My setup is now working, and I have a few observations.
Firstly, do not, under any circumstances, enable de-dupe in ZFS. It absolutely kills performance. I found it quicker to copy off the data I needed, delete the pool and re-creating, than just deleting the directory tree.
Now, there probably are circumstances where you might want to enable it, on a properly specced system, but please adopt a "do not enable" default position :) believe me, it is a good move.
Secondly, watch out for dodgy hardware. When you get an error you can't explain, seems random and no one else has experienced, then check your hardware. I was getting weird AFP commands the server didn't understand and weird memcpy errors, and eventually, after complete silence from the mailing list, decided to try another piece of hardware, and voila, it worked perfectly and has continued to work perfectly so far.

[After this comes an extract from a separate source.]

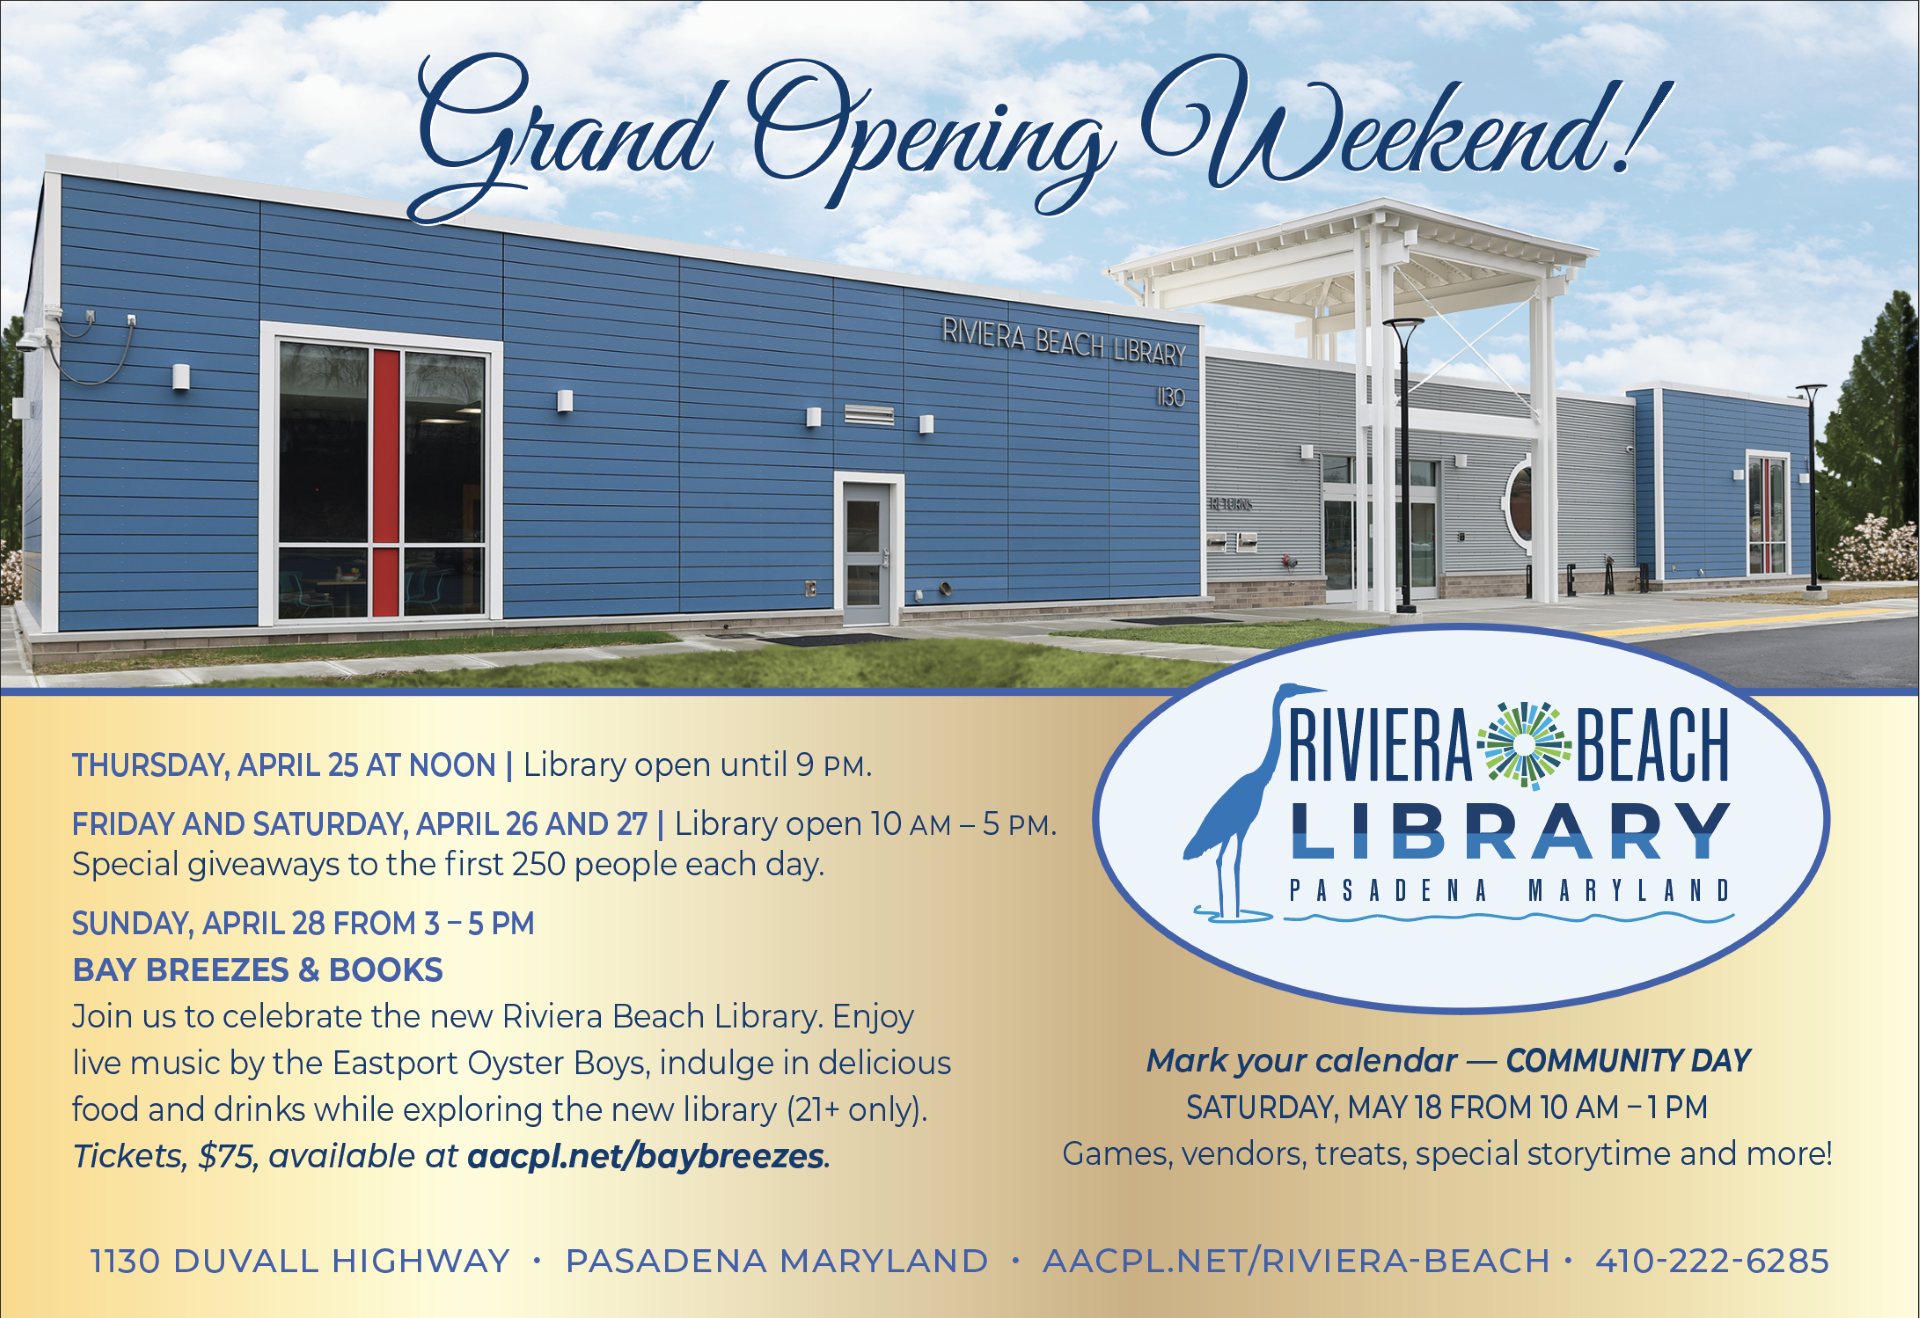 New Riviera Beach Library rendering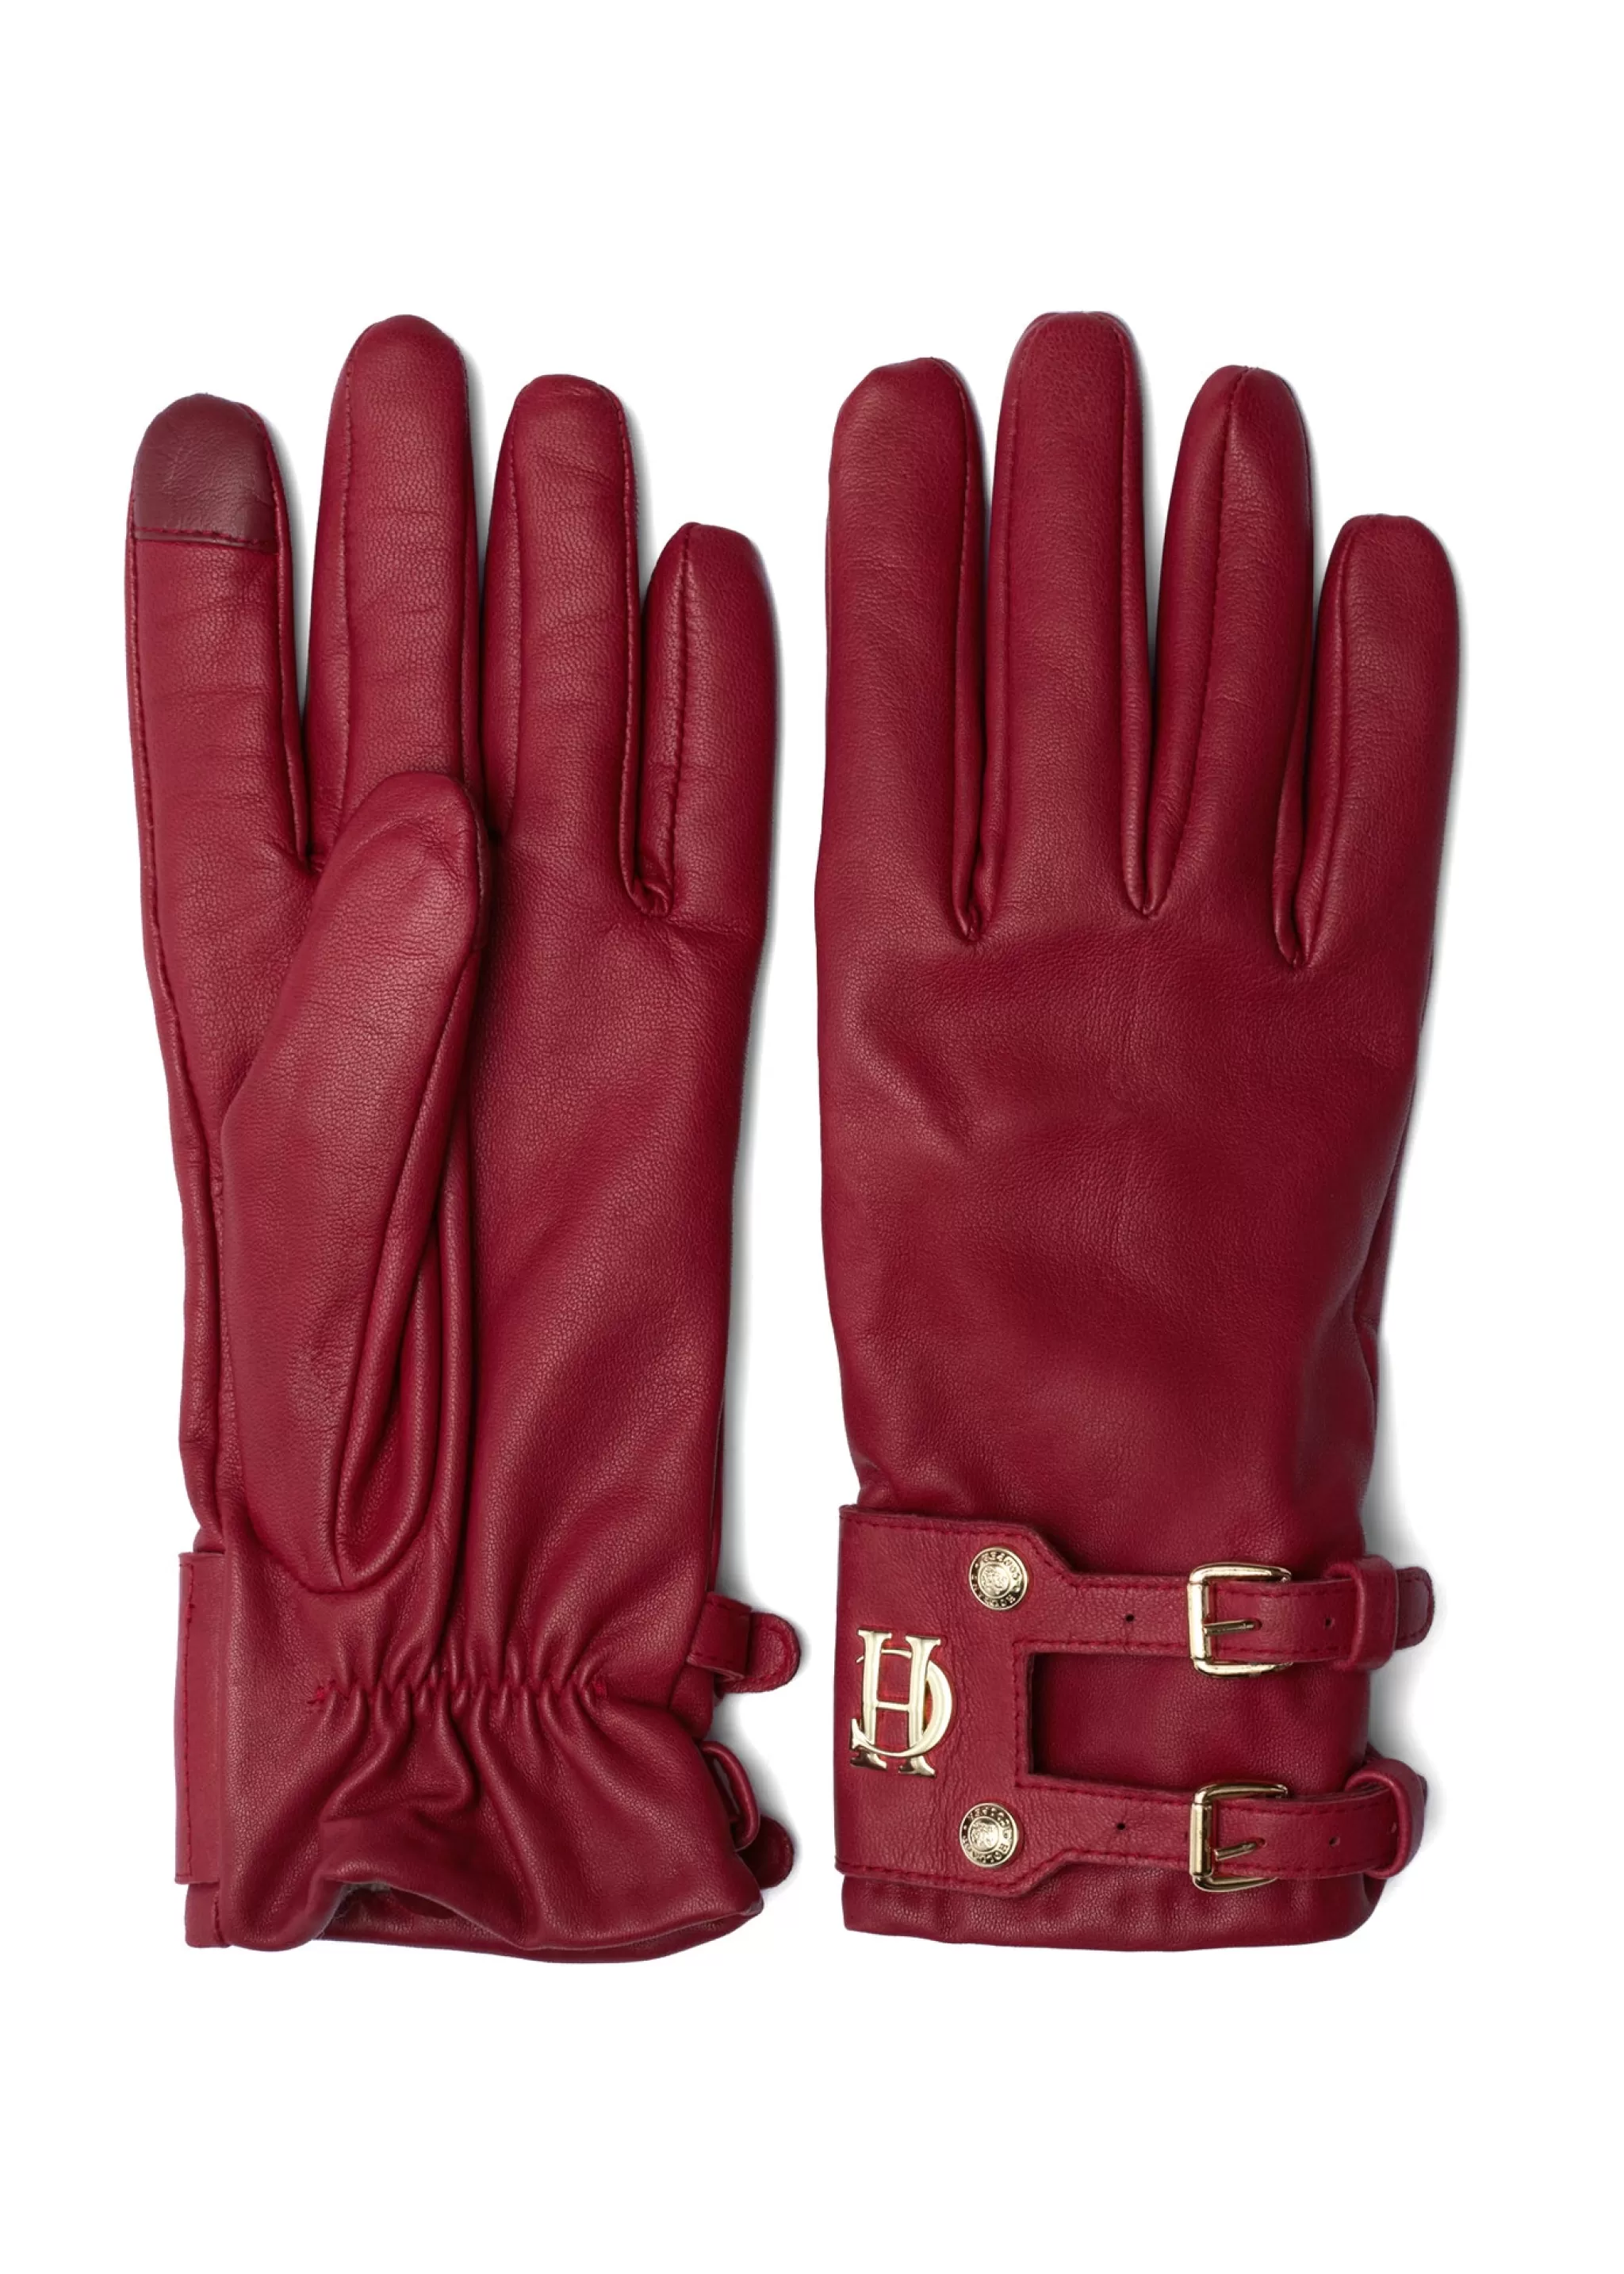 Monogram Leather Gloves>Holland Cooper Hot

Now ZFS is wonderful, and the main reason for me using Open Indiana on my TM backup box. I just know that the data on the disk is correct, hasn't succumbed to bit rot and will be recoverable should the rot set in. I was also able to move the disk sets from one machine to another with great ease - just a zpool export, unplug the disk, then zpool import to start the pool up on the target machine. Annoyingly, hotplug doesn't seem to work on the hardware we have, so I had to restart the machine to be able to see the disks, however given its nature as a backup machine this shouldn't be too much of an issue in the future.
And I also used zfs send/recv to move a file system off one pool onto another, which worked very well.
I had the server backup, which isn't Time Machine, but BackupPC running on the old OpenIndiana server, the one with the dodgy hardware, so wanted to move that off. Initially tried using zfs send thus:
zfs send srcfs@snap1 |sshid
@host
pfexec zfs recv -F dstfs
(courtesy of the surprisingly good Oracle docs)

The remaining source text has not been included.